Blue Peony Flowers - sumi ink and gansai paint on Xuan paper

Nori in Japanese can mean dried seaweed, it also refers to a rice-based paste used as glue. Nori paste can be purchased in a tube or tub from Amazon or most art supply stores. Although I use a packaged powder to make my wet mounting paste for my paintings, nori can also be diluted to make the paste. When I paste the mounted painting to the drying board, I use nori to secure the edges. The nori paste is far more reliable and, most of all, it is easy to spread around the edges with my finger rather than using a hake brush to spread the mounting paste.

Recently, I used a batch of mounting paste that was too runny. No surprise that I ended up with a painting that was only partially mounted. The result was one very wrinkly piece of work. Destroying a painting during the wet mounting process is not anything new to me. It is part of the learning process which goes on forever. Using mounting paste with the wrong consistency is a terrible mistake, and I know it was a result of switching to dry mounting for a while. I lost what I had learned from wet mounting practice by not continuing to practice. However, there was as bright side to all this.

I remembered my grandmother replacing paper on shoji screens (wooden framed sliding doors). She made the glue she used to paste the kozo paper to the wooden frame by simmering rice for hours. Basically, she made her own nori paste. Once paper is glued with nori, it is so sturdy that it feels almost permanent. Before pasting the new paper, of course she had to remove the old one. She did this not by using some toxic remover but by soaking the pasted portion of the paper with water. Once the paper absorbed the moisture, it peeled off beautifully. I must emphasize that this was all done very gracefully and patiently. The soaking done gently as well as the peeling. No sharp objects, no heavy equipment, no toxic substance, just water and graceful hands.

Using this technique, I gently (with emphasis) sprayed my wrinkled painting and let the moisture soak in. Once the paper was moist, I gently (very, very gently) lifted the very delicate (and very thin, mind you) Xuan paper away from the mounting paper. Xuan paper, once wet, can be as delicate as a wet tissue paper. Yet if you respect it, it will cooperate with you and will show its resilient nature alongside its delicate nature. So, with grace and wisdom passed on from my grandmother, I was able to successfully release the painting from the mounting paper. Once the painting was dry, I was able to redo the wet mounting, this time with paste that had the right consistency.

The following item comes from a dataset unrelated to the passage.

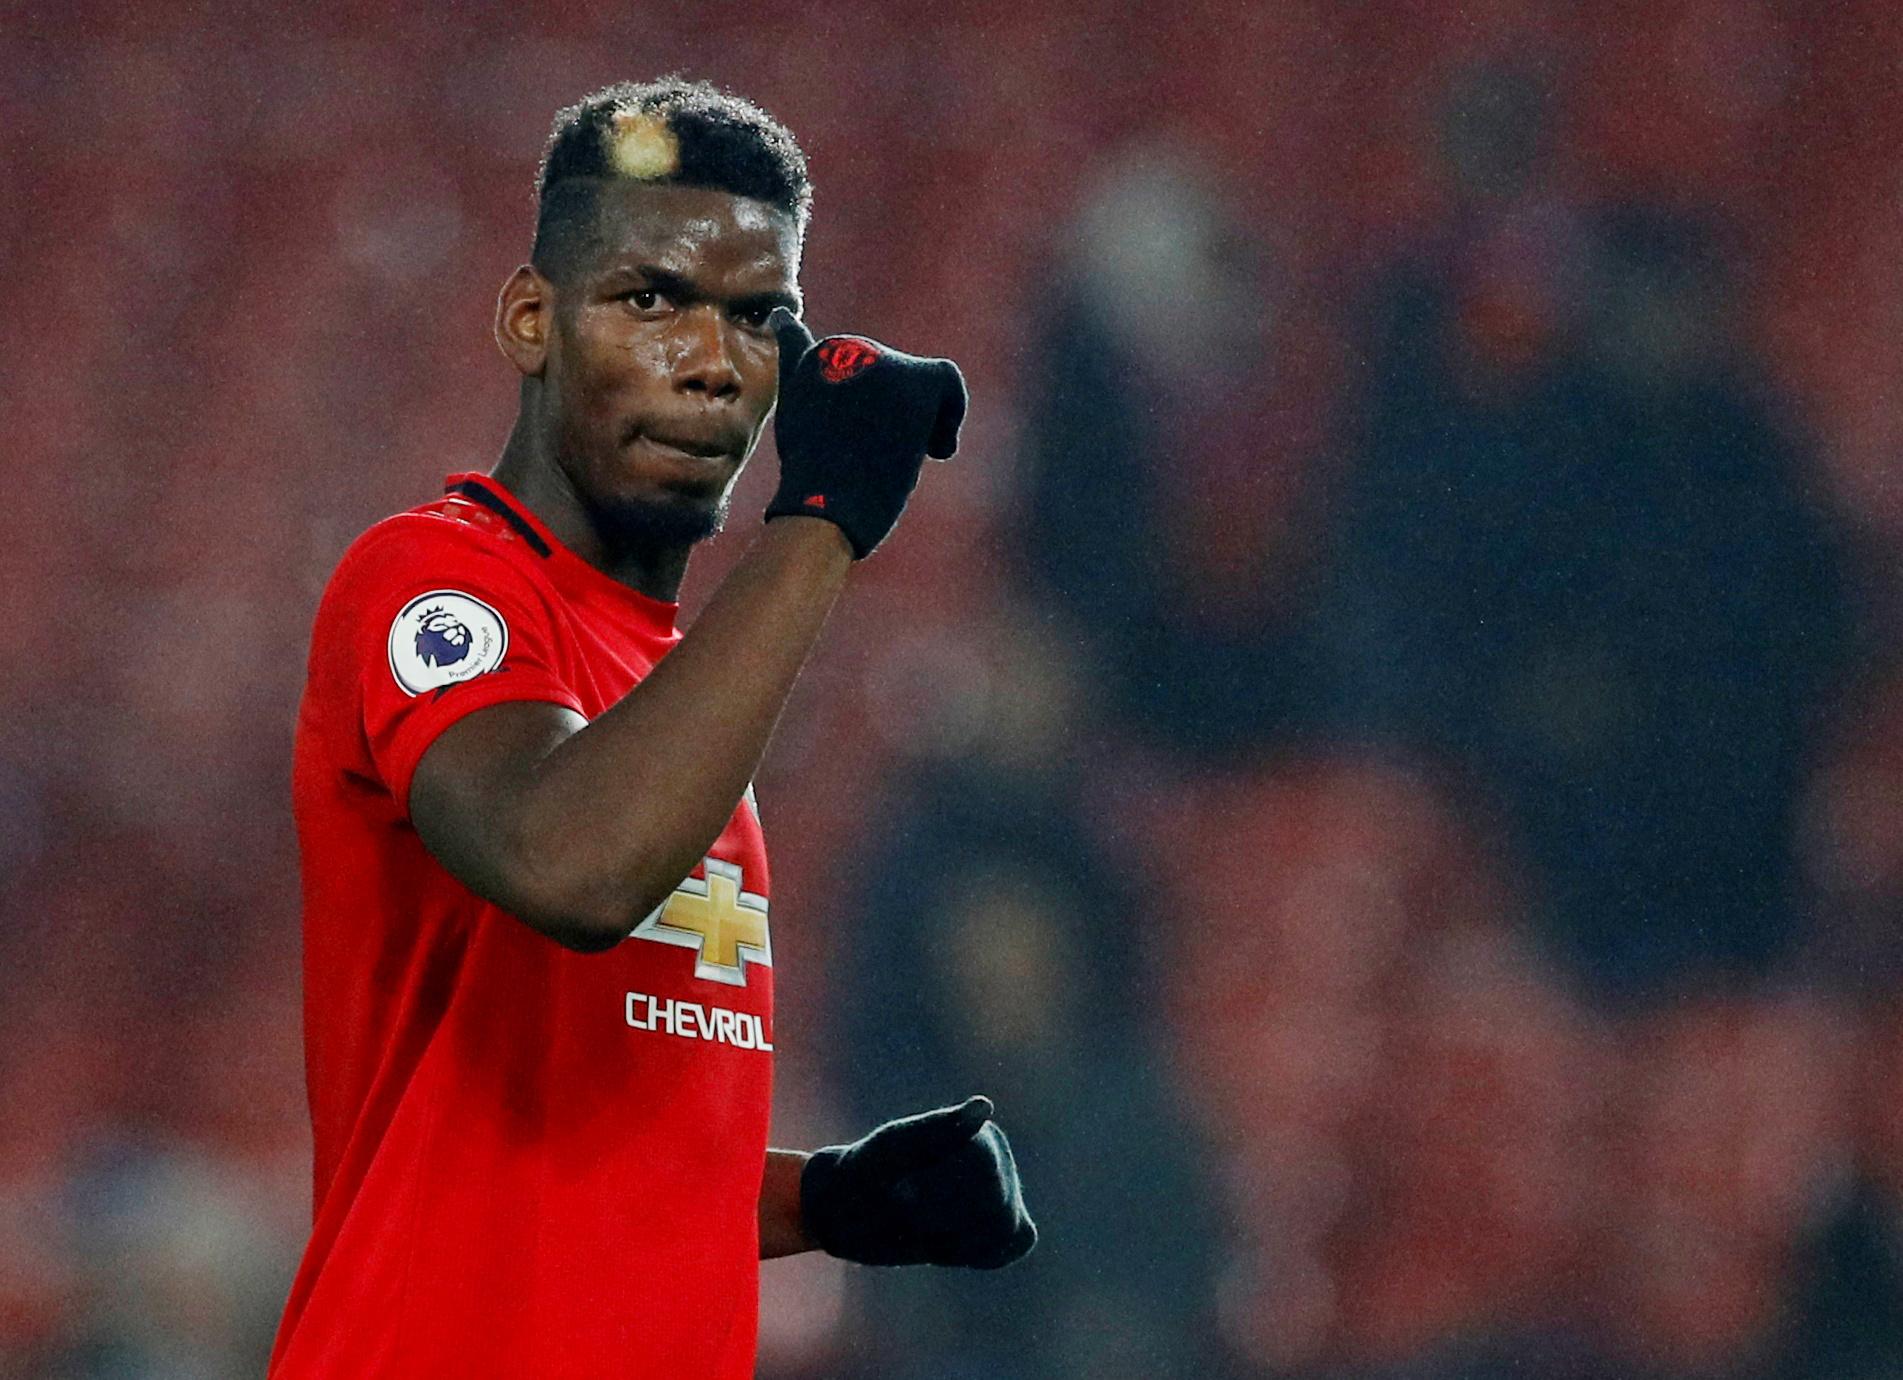 Football - Transferts - Le journal du mercato : Pogba va rester à Manchester selon un de ses ex-coéquipiers

It all sounds trivial, but for me it was anything short of a miracle. For a kid growing up in Japan who scoffed at traditions, I can proudly say that as an old woman I am finally wise enough to understand the wisdom that is passed on from generation to generation. For those that are young, I strongly recommend that you at least observe your elders whether you like what you see or not. One day, you may be surprised what you understand looking back.